It was suggested to me, when I was in Jr. High, that the use of the “Royal We” in “Let us make humankind in OUR image,” is not confusing, if you only understand 18th century English grammar; but if you are looking to argue about a scriptural reference to a plural, or Male/Female, creator— there it is: male and female were created in God’s image—male and female images intertwined and inter-dependent.


Swedenborg has a completely different interpretation of the expression “PLURAL GOD”:

“Genesis 3:22. And Jehovah God said, “Here, the human has been like one of us, knowing good and evil, and now perhaps people will put out their hand and take from the tree of lives as well, and eat, and live forever.”
The reason Jehovah God speaks at first in the singular and then in the plural is that Jehovah God means the Lord and at the same time heaven with its angels.
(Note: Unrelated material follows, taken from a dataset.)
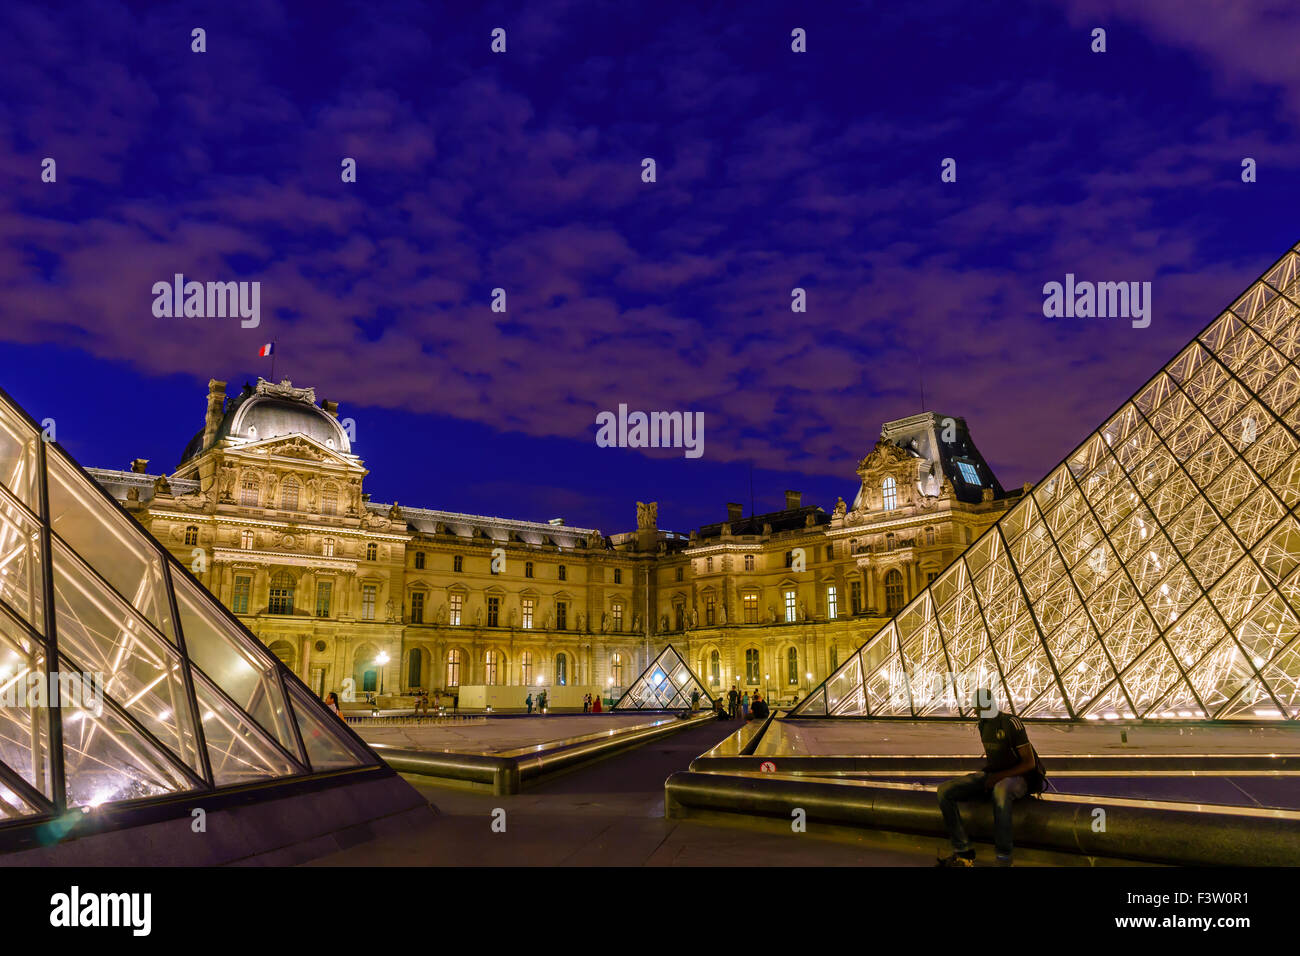 Les nuages pourpres ornent le ciel d'été au Musée du Louvre, au crépuscule. Paris, France. Août, 2015. Banque D'Images

The fact that the human knew good and evil means that people became heavenly and so became wise and understanding. . . . 

In Genesis 1, for instance, the only name used is God, and he speaks in the plural there as well—“let us make a human in our image.” Not until the next chapter, which treats of heavenly people, is he called Jehovah God.

He is called Jehovah because he alone is, he alone lives; the name comes from his beingness.


Human beings are also called gods by virtue of their power, as in Psalms 82:6; John 10:34, 35. Moses was called a “God to Pharaoh” (Exodus 7:1). For the same reason, the [Hebrew] word for God, Elohim, is plural. Angels have no power at all on their own, however (as they themselves
confess), but only receive it from the Lord. Because of this, and since there is only one God, Jehovah God in the Word means the Lord alone. But when anything occurs through the ministry of angels, as in Genesis 1[:26], then the plural is used.”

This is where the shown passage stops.